Fished some hard bottom to the SE yesterday. Little bumpy on the way out but manageable. Looked like some of the spots were holding 30+ boats. Spot I went to is just inside of 9 miles and there were 9 boats on it. Big area, everyone was polite, so it was all good.

The crown thinned out around 10 or so and I think there was my boat and 1 or 2 others. We were anchored but a lot of folks were drifting. It was me, my bro in law, and 4 kids, age 8 - 16. Bite was steady but we had a lot of shorts. Most fish were 18"-21". I did hook up on a big one but the man in the great suit got a piece of him. The fish was bitten off just behind is fins and was still 20". Probably would have been 30" if it was whole. Still had a great box of fish with 9 ARS and 6 mingos. Bait was mostly frozen cigs. Current was pretty strong. We drifted a couple times and it looked like we were trolling.

I have a 24' CH. Guy pulls up in a Pursuit, probably 28'-30'. Big spot, crowds thinned out, and he pulls right up next to us. No biggie, public spot, opening day, all that. The guy seemed polite and asked where he was, said his GPS wasn't working. I told him where we were and explained that we were on the South end of a very large natural bottom spot and that there was good relief everywhere around us. Next thing I know, the guy pulls about 100 yards up current of us and drops anchor. Almost immediately, my bro in law and I are on the side of my boat, holding on to his bow rail, trying to avoid a collision. Oh yeah, I have a fish on while this is happening. The guys anchor line is now dragging on mine. My bro in law wipes out while he is trying to hold the other boat off of mine but he was ok and the other boat finally pulls away without getting the anchor lines tied up.

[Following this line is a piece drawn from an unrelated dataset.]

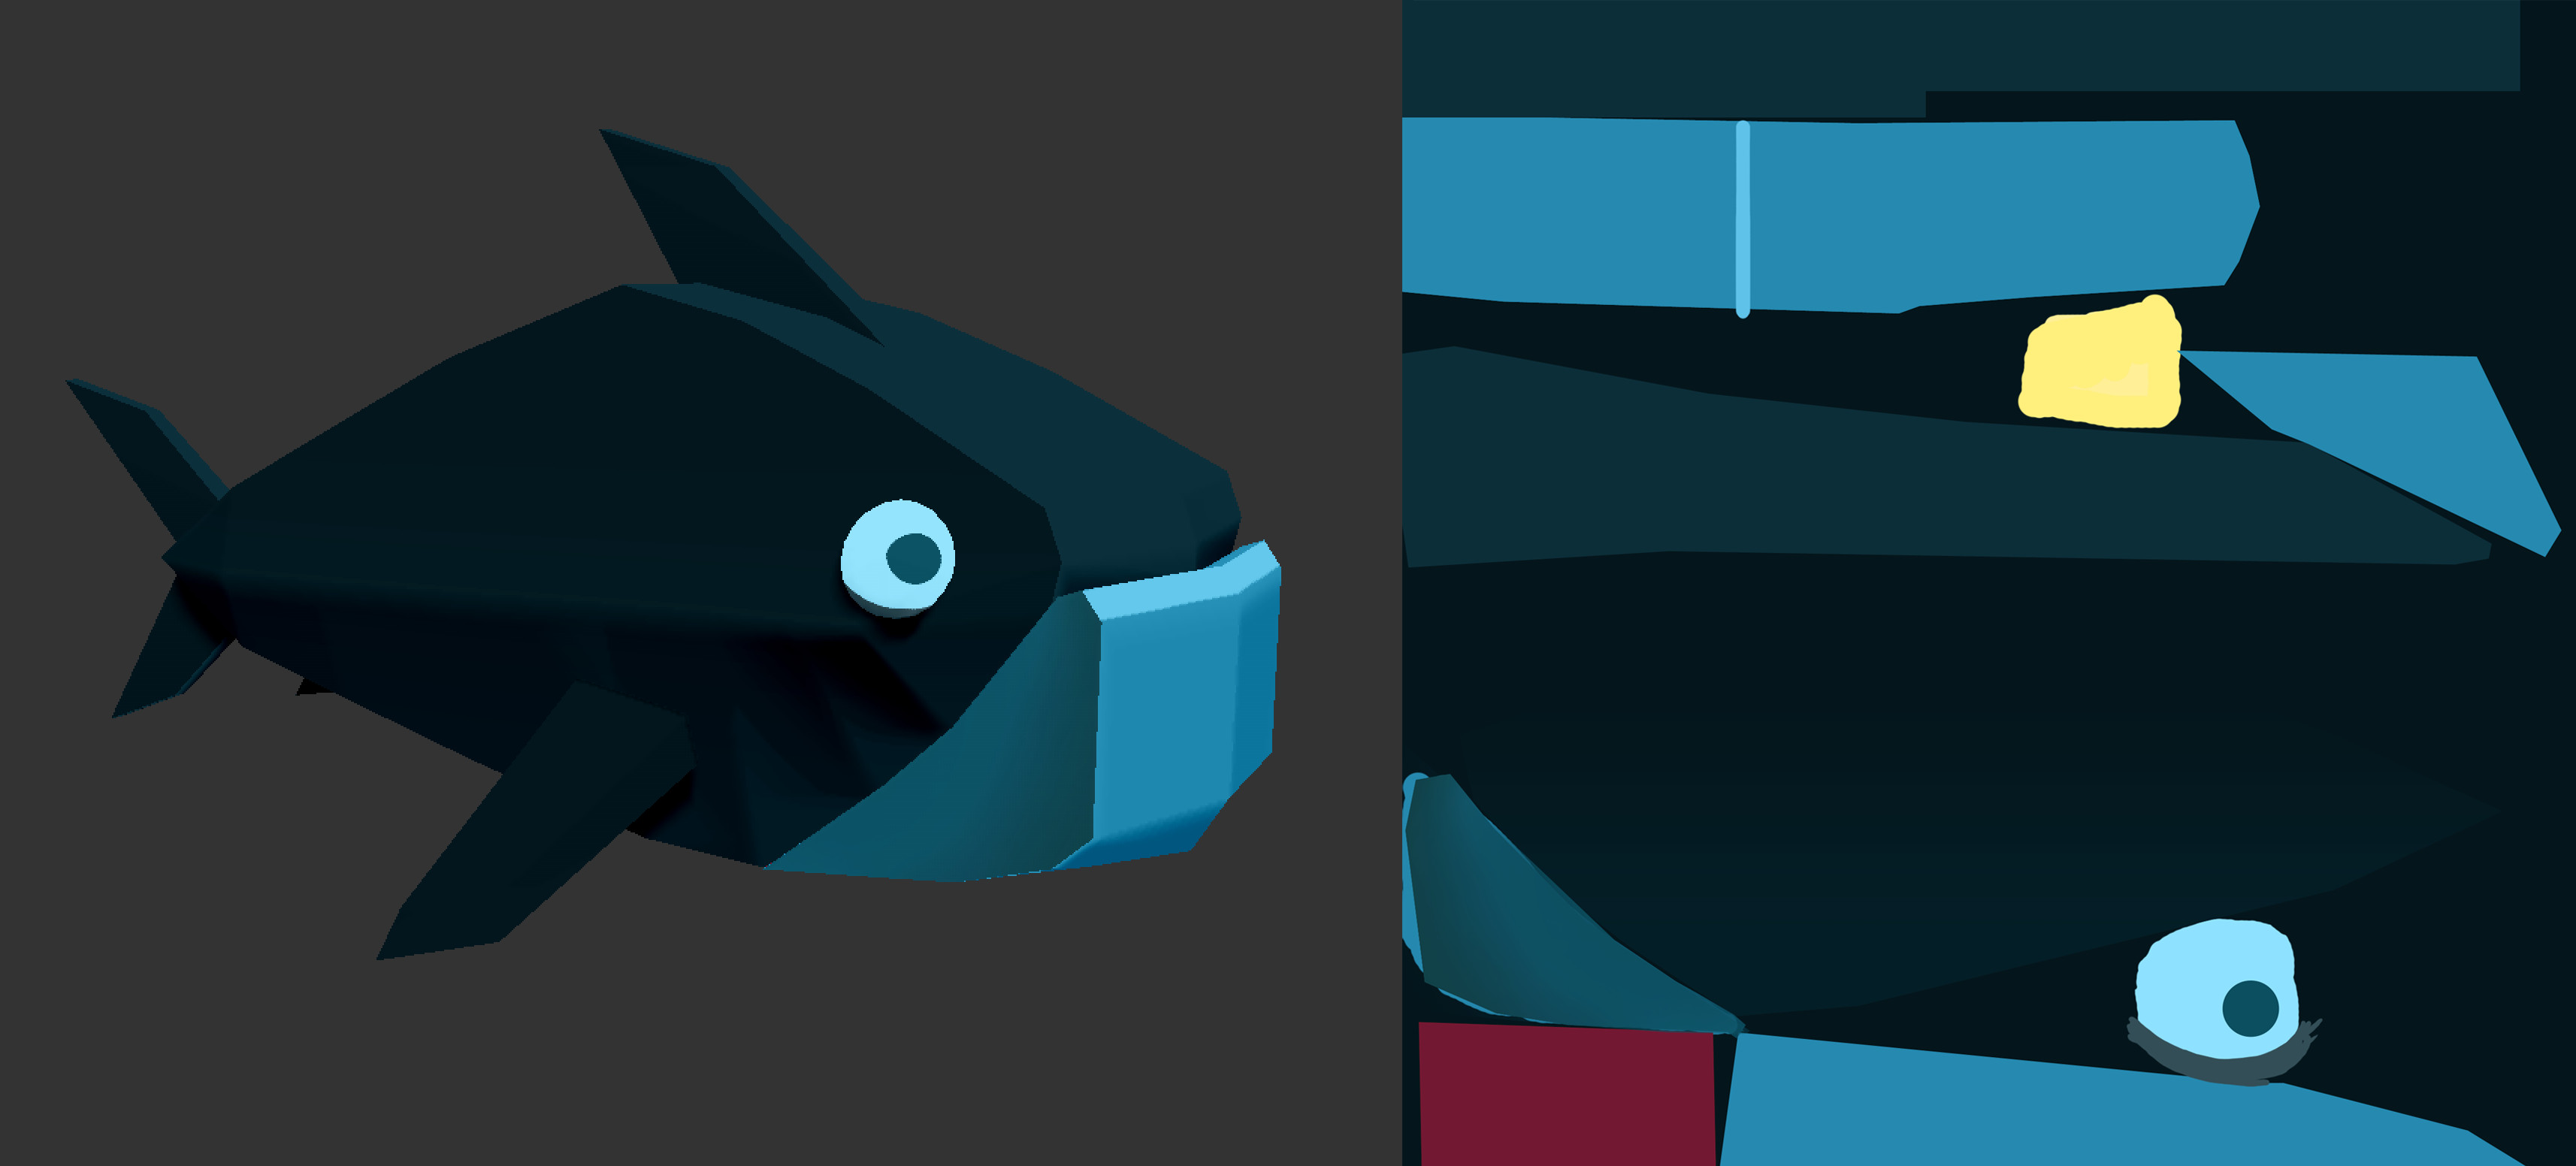 PaperPunk Whale

So the other guy continues to drift. Each time, he drifts right by me (25 yards) and the pulls back up right by me with a large wake, rocking our boat more than any of the seas would this day.

At this point, we are 1 ARS short of our limit and here comes my buddy, drifting right towards me again, looks like a T-Bone waiting to happen. Bro in Law and I drop our rods and proceed to the front of the boat to hold the guy off. The guy just stares at us and continues fishing. So here we are, holding on to his bow rail for a bit and he decides that now is a good time to start his engines and back off of my boat. This is when we decide rounding out our limit is not that important and we head home.

And of course my new friend follows us, haha. All good, the guy was rude, he wasn't an a$$hole. I honestly think he was just inexperienced. I was inexperienced once but it was on a 19' boat and I stayed clear of other boats.

I did manage to hook a decent size shark, 6'-7', on a spinning rod. Got him to the boat, snapped a couple pics and set him free. The fight was awesome. Sharks really are beautiful creatures. I'll attach a picture of the shark as I am sure you know what a box of ARS looks like.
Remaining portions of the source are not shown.